This answer was obtained numerical, but it is nevertheless exact

There are $N=9^9$ possibilities to choose the matrix $m$ (each with equal probability). There are 1913 possible outcomes for $\det m$. The most likely is $\det m =0$. The probability for this event is $$P[\det m = 0] = \frac{218605}{14348907} \approx 1.5\%.$$ The rest is distributed over different integer number. The largest determinant is a matrix with $\det m = 1216$. There are 3 possibilities for this matrix (therefore the probability is $P[\det m = 1216] = 3/N$). There are also 3 matrices for which $\det m=-1216$. (in fact this is always true. If there are $n$ matrices with $\det m= x$ then there are exactly $n$ matrices with $\det m=-x$).
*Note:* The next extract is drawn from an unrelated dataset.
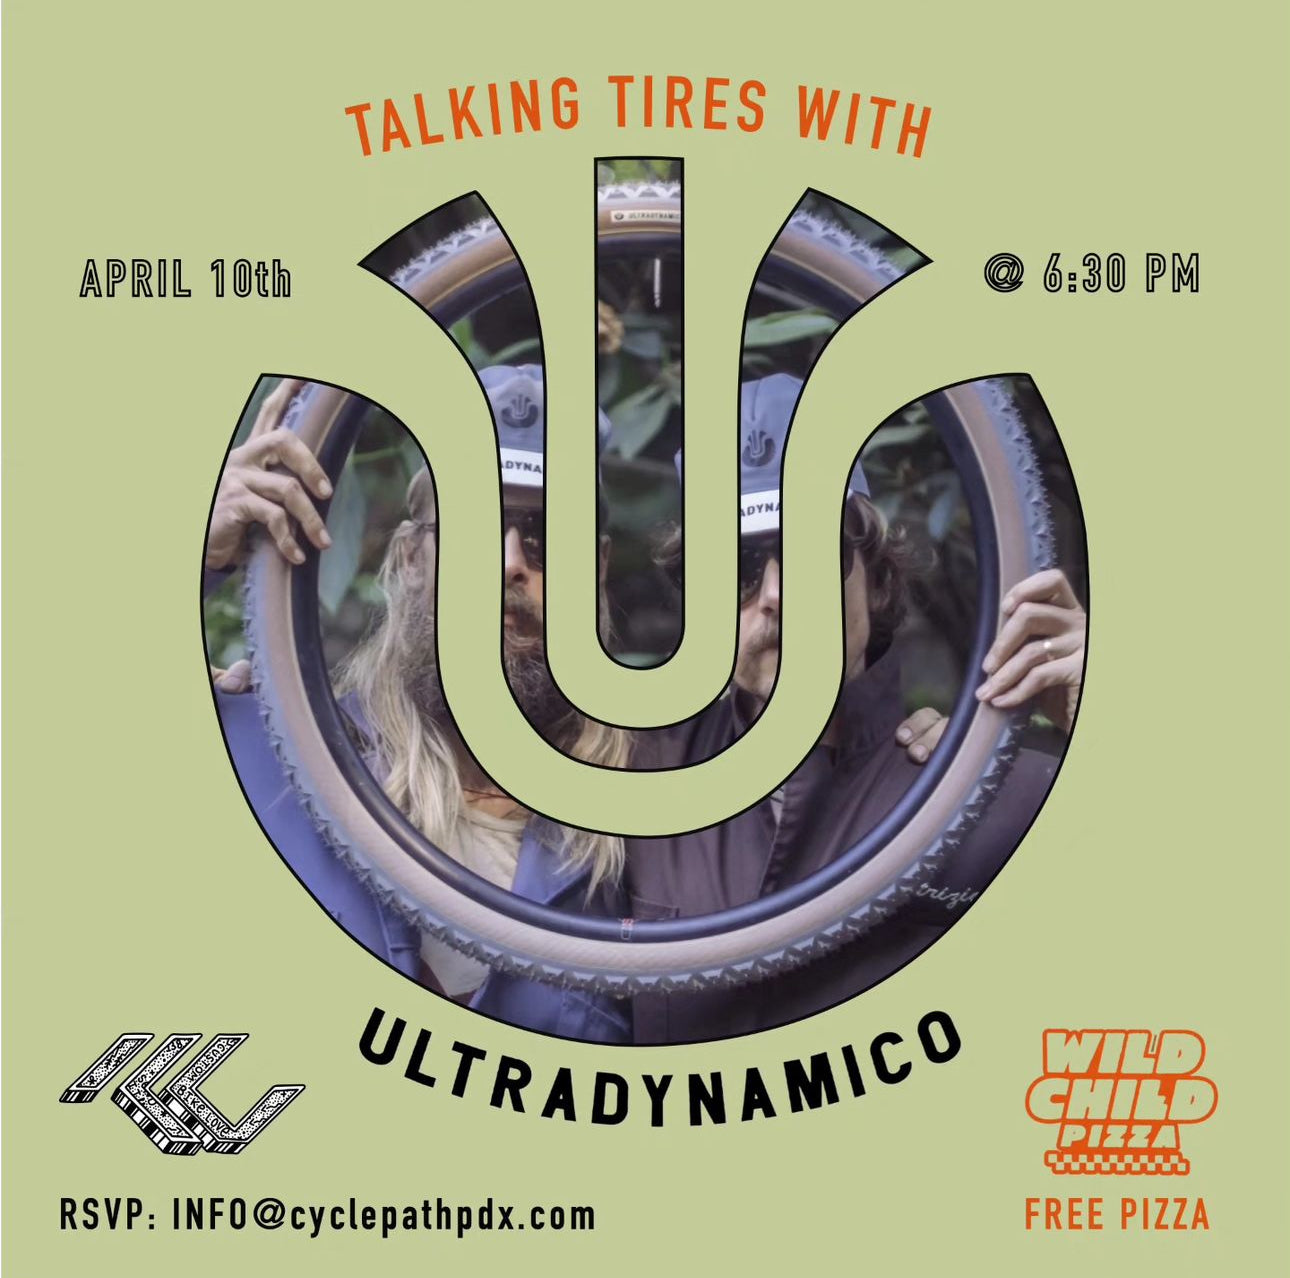 Talking Tires with Ultradynamico
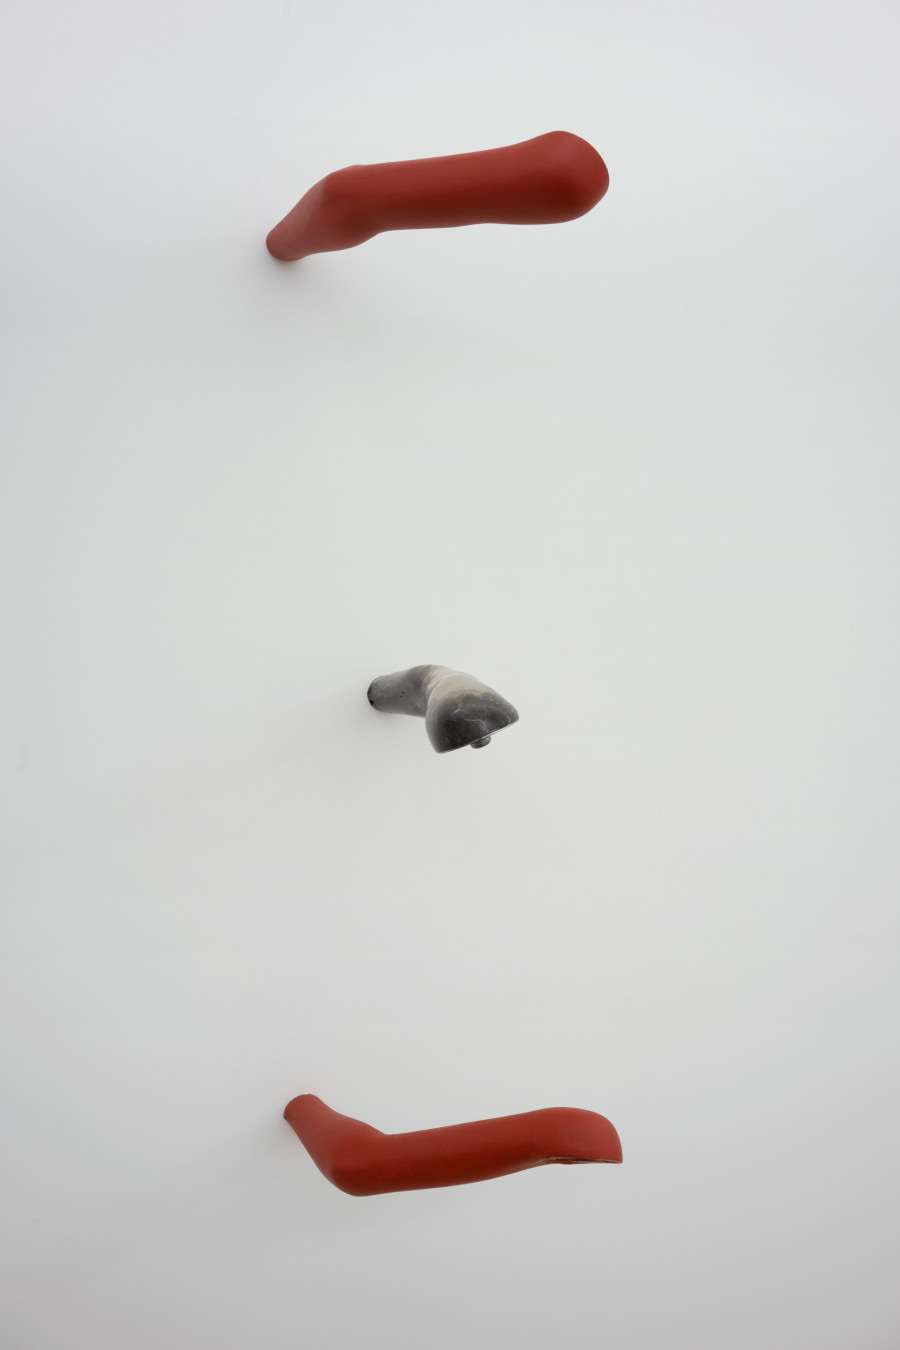 Thomas Julier, Elbow Segments, 2023, acrylic paint on fibre glass, sanded and polished fibre glass, 125 x 35 x 53 cm. Photography: Gina Folly / all images copyright and courtesy of the artist and For, Basel

To find out if the determinants are coprime the sign does not matter, therefore we only need to know the probabilities $$P[|\det m| = x].$$ Generically, the probability decreases for increasing $\det m$.

The absolute value of the determinant may assume 957 values. Therefore, there are $957*(957+1)/2 =458403$ pairs of matrices $m_1$ and $m_2$. Out of them there are 274487 pairs coprime. (The fraction of matrices which are coprime is $274487/458403 \approx 60\%$)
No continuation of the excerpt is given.